People knew and loved Mark Nigh.
They appreciated the 56-year-old University Place man's dedication to youth sports and mentoring children, admired his work with glass and respected his commitment to family.
When Nigh died Sunday, two days after being hit by a truck while working in downtown Tacoma, the community showed their love for Nigh by raising nearly $20,000 for his family. Then they flooded his family – wife, Mary; sons James, 27, Timothy, 24, and Tony, 21; and daughters Valentina, 9, and Sky, 8 – with prayers, cards and meals.
"He was a second father to a lot of people," Mary Nigh, his wife of 30 years, said Thursday. "He was an awesome husband and father. It’s just the kind of guy he was."

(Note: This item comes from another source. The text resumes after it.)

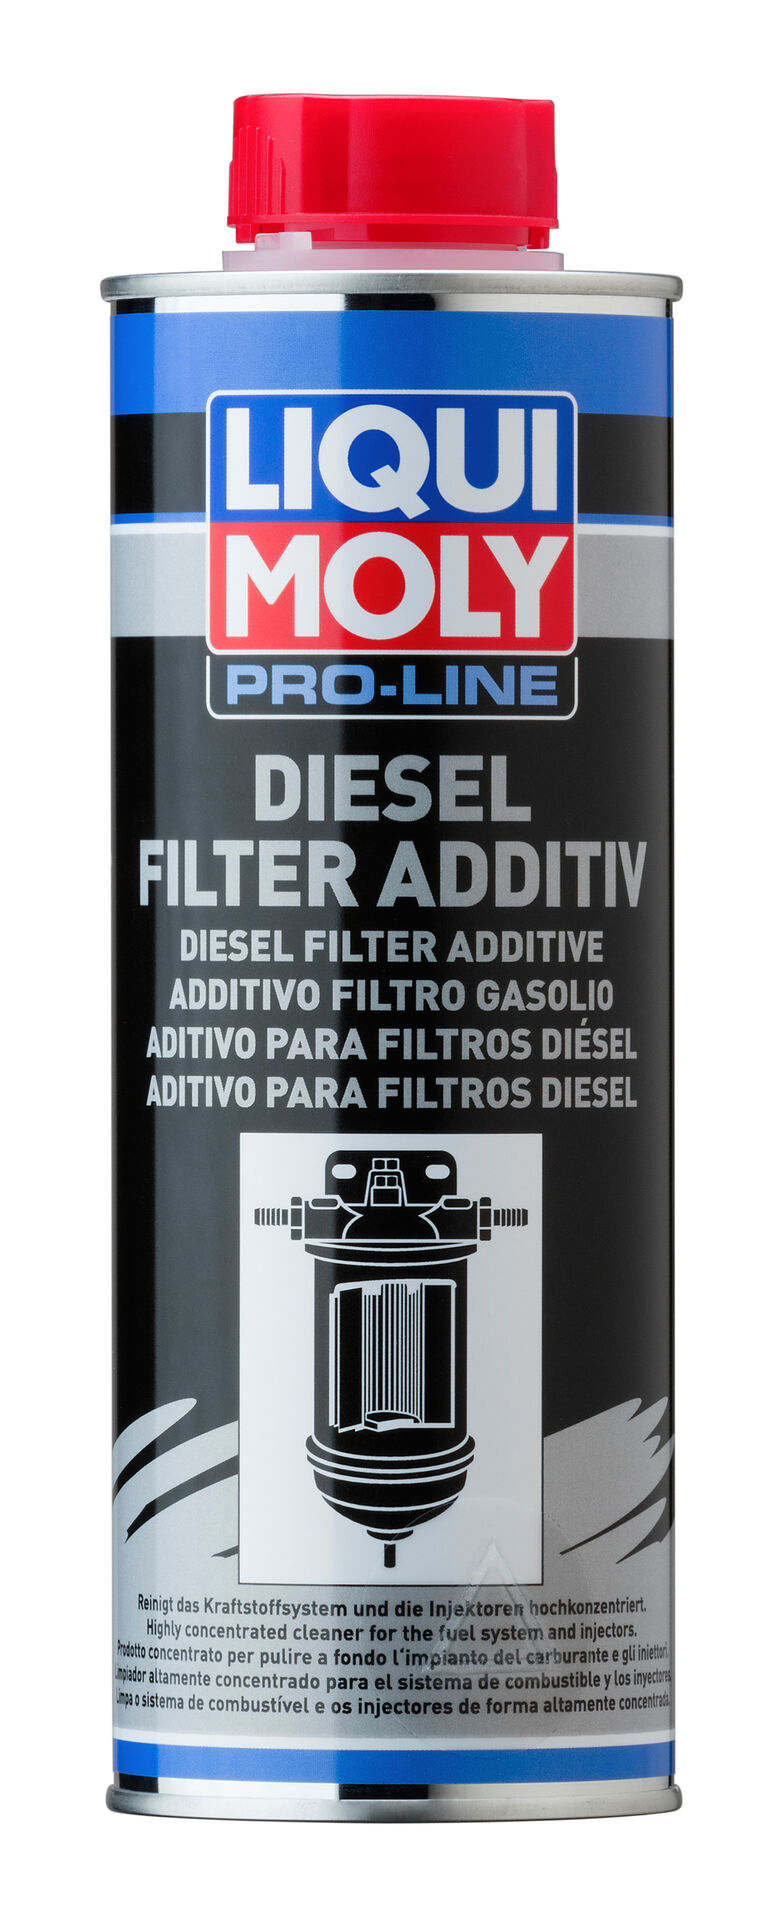 Liqui Moly Pro-Line Diesel Filter Additiv

Nigh was revered for myriad reasons but was best known for the 25 years he spent coaching T-ball, football, wrestling and lacrosse.
It started with coaching his sons' teams but even after his boys were grown, Nigh kept volunteering. He enjoyed sports and reveled in being there for kids who needed a little guidance, a little fun, a caring presence.

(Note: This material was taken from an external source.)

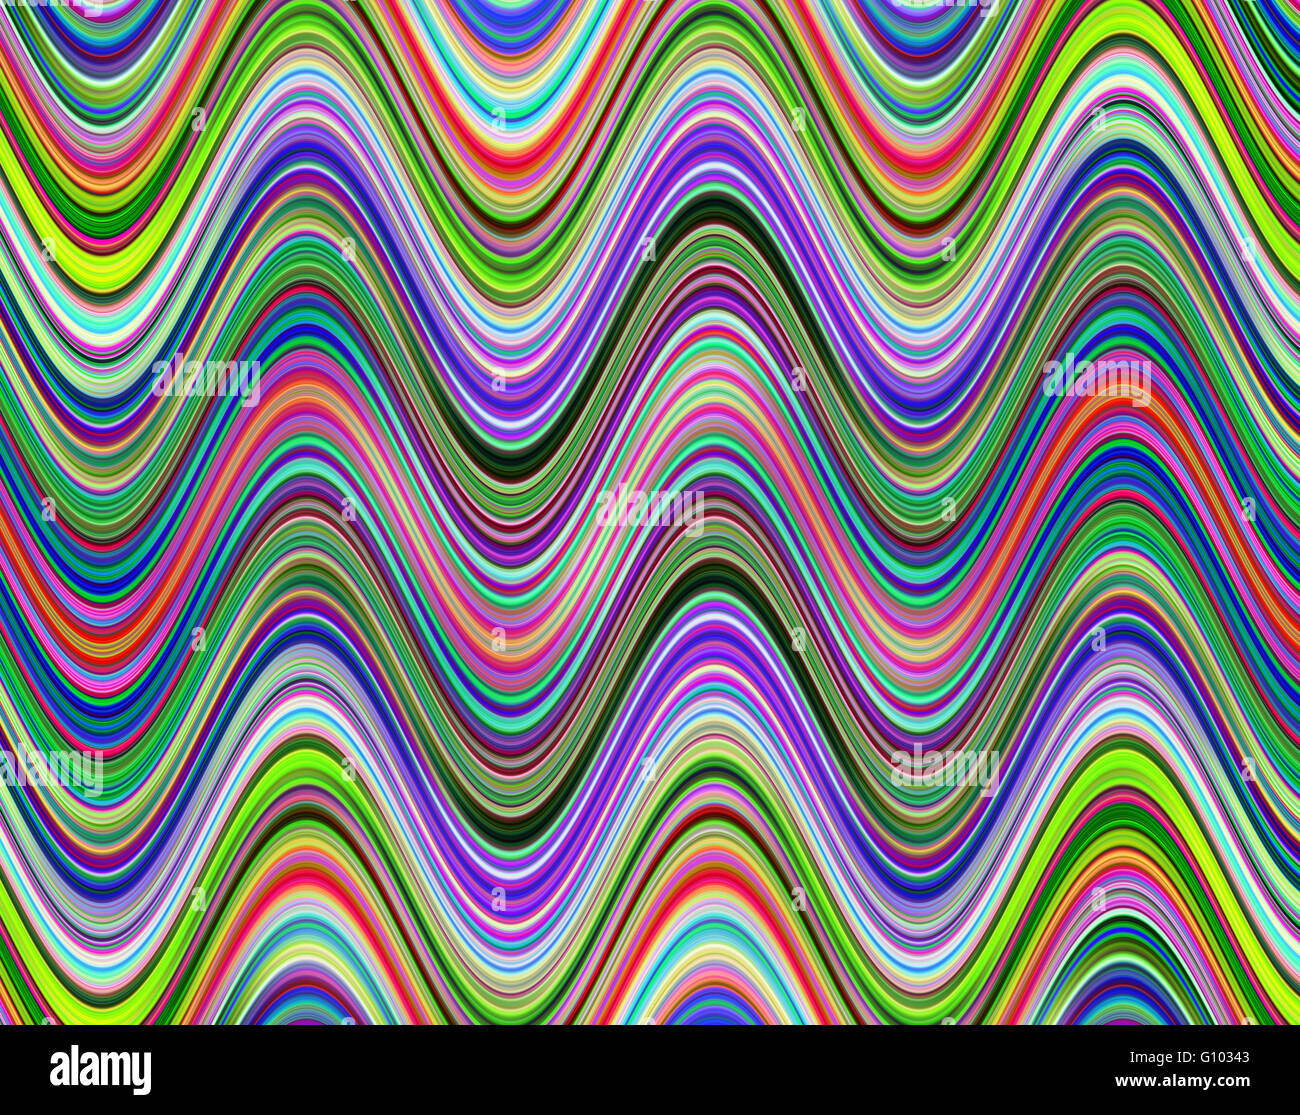 Multicoloured digital waves pattern illustration. Stock Photo

Winning was never the goal, friends said. Nigh rooted for the underdog and made sure every player got on the field.
“He was the fun-loving coach,” said Kathy Rojas, president of the University Place Lacrosse Club, where Nigh coached for 11 years. "He was truly out there just for the love of the game and the love of the kids.”
In recent years, Tony Nigh joined his father in coaching lacrosse. The duo also managed the Billy Nigh “Passion of the Game” award in honor of Nigh's eldest son, who died in a car accident in 2003 when he was 17.

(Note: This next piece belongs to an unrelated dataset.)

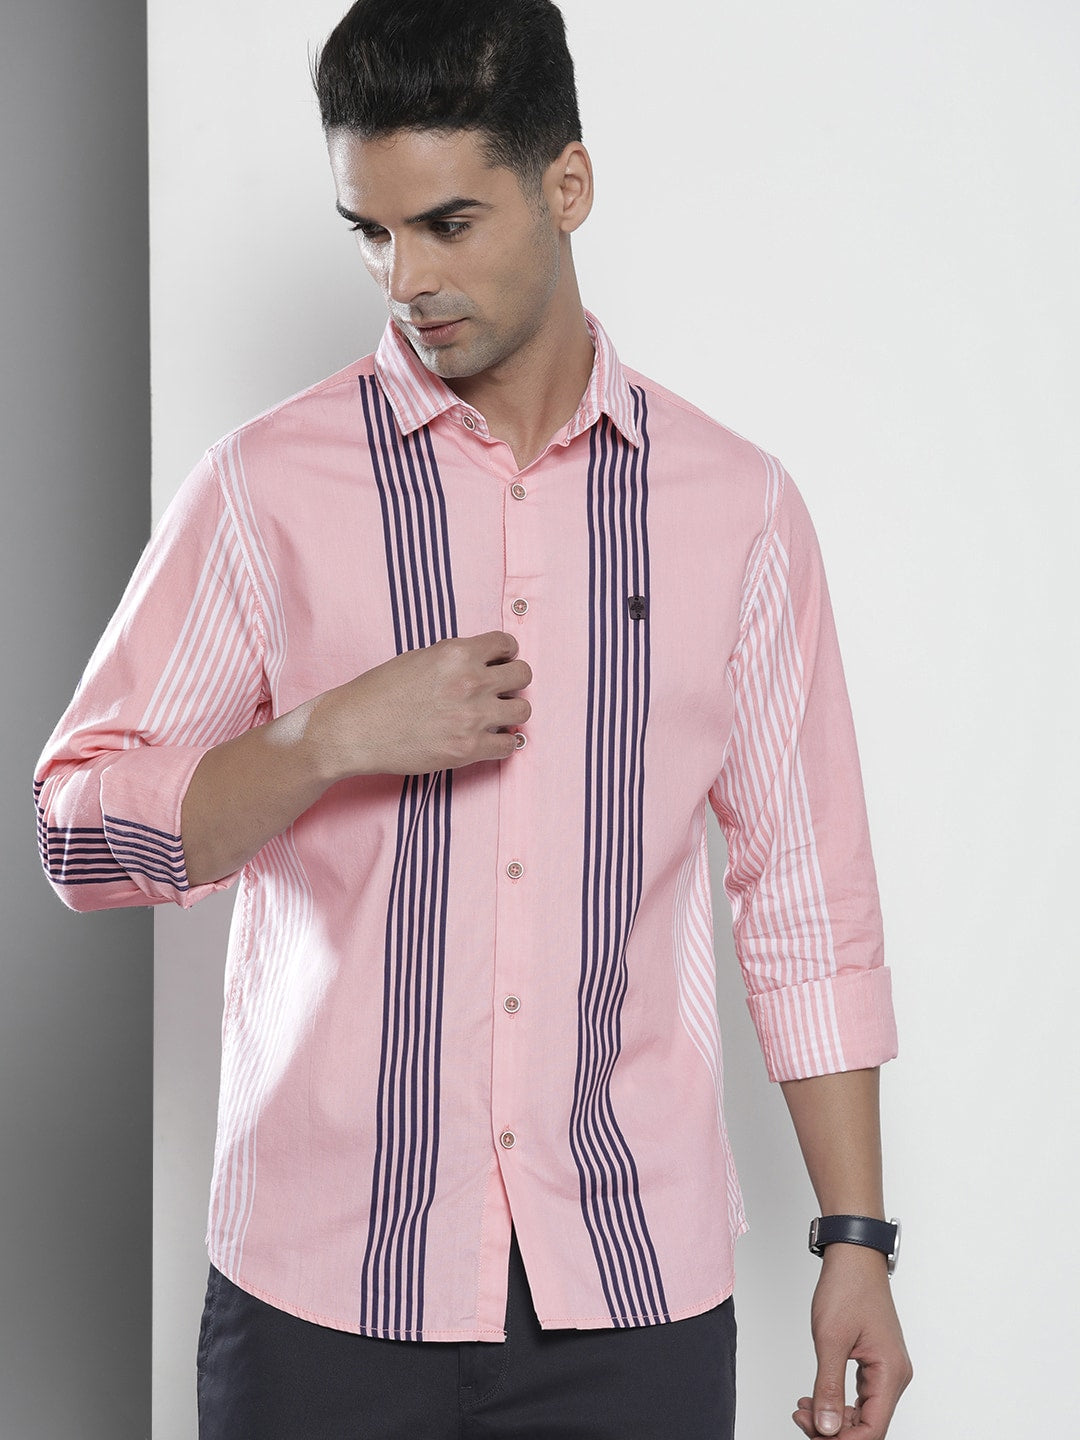 Shop Men Striped Pink Shirt Online.

The award is granted to the player who best demonstrates sportsmanship and acts as a role model for teammates.
Friends described the elder Nigh as funny, generous and warm. They said he had an open-door policy where people were always welcome to drop by for a home-cooked meal or a roof over their head. Nigh liked to cook and often held taco feasts, where he kept shoveling food at people as long as they were willing to eat it.
He also was adept with glass and pottery, something that started when he was young and eventually evolved into a career. Nigh learned the trade in his father's home shop when he was a boy and later turned designing and creating stained glass into a side business.
He worked nearly 15 years at Tacoma-based City Glass & Upholstery, where he installed glass and became known as a “pioneer in the industry,” according to Nigh's boss.
Kurt Schmitz, vice president of the company, said Nigh was his go-to guy when he had questions about glass and drew overwhelmingly positive reviews from customers.
Nigh and his son Tony were delivering glass to the Winthrop Apartments on Commerce Street on May 23 when the accident happened.
Nigh was standing behind their delivery truck when a Jeep Cherokee slammed into him, severing both his legs. Tony Nigh used his belt as a tourniquet to try and stem his father’s bleeding until paramedics arrived.
Nigh died Sunday evening. The driver, Jason Tamayo, was charged Thursday with vehicular homicide.
Mary Nigh opted not to attend his arraignment. Although it deeply pains her, she said she can forgive Tamayo in order to move forward. But she’ll never forget the man who swept her away at a beach party and built a family with her, or the man who took her husband away.
"Of course, I'm angry and hurt. Mark did not deserve that," Mary Nigh said through tears. "I know (the Jeep driver) didn’t mean to do it, but it was a very careless act that has affected so many people."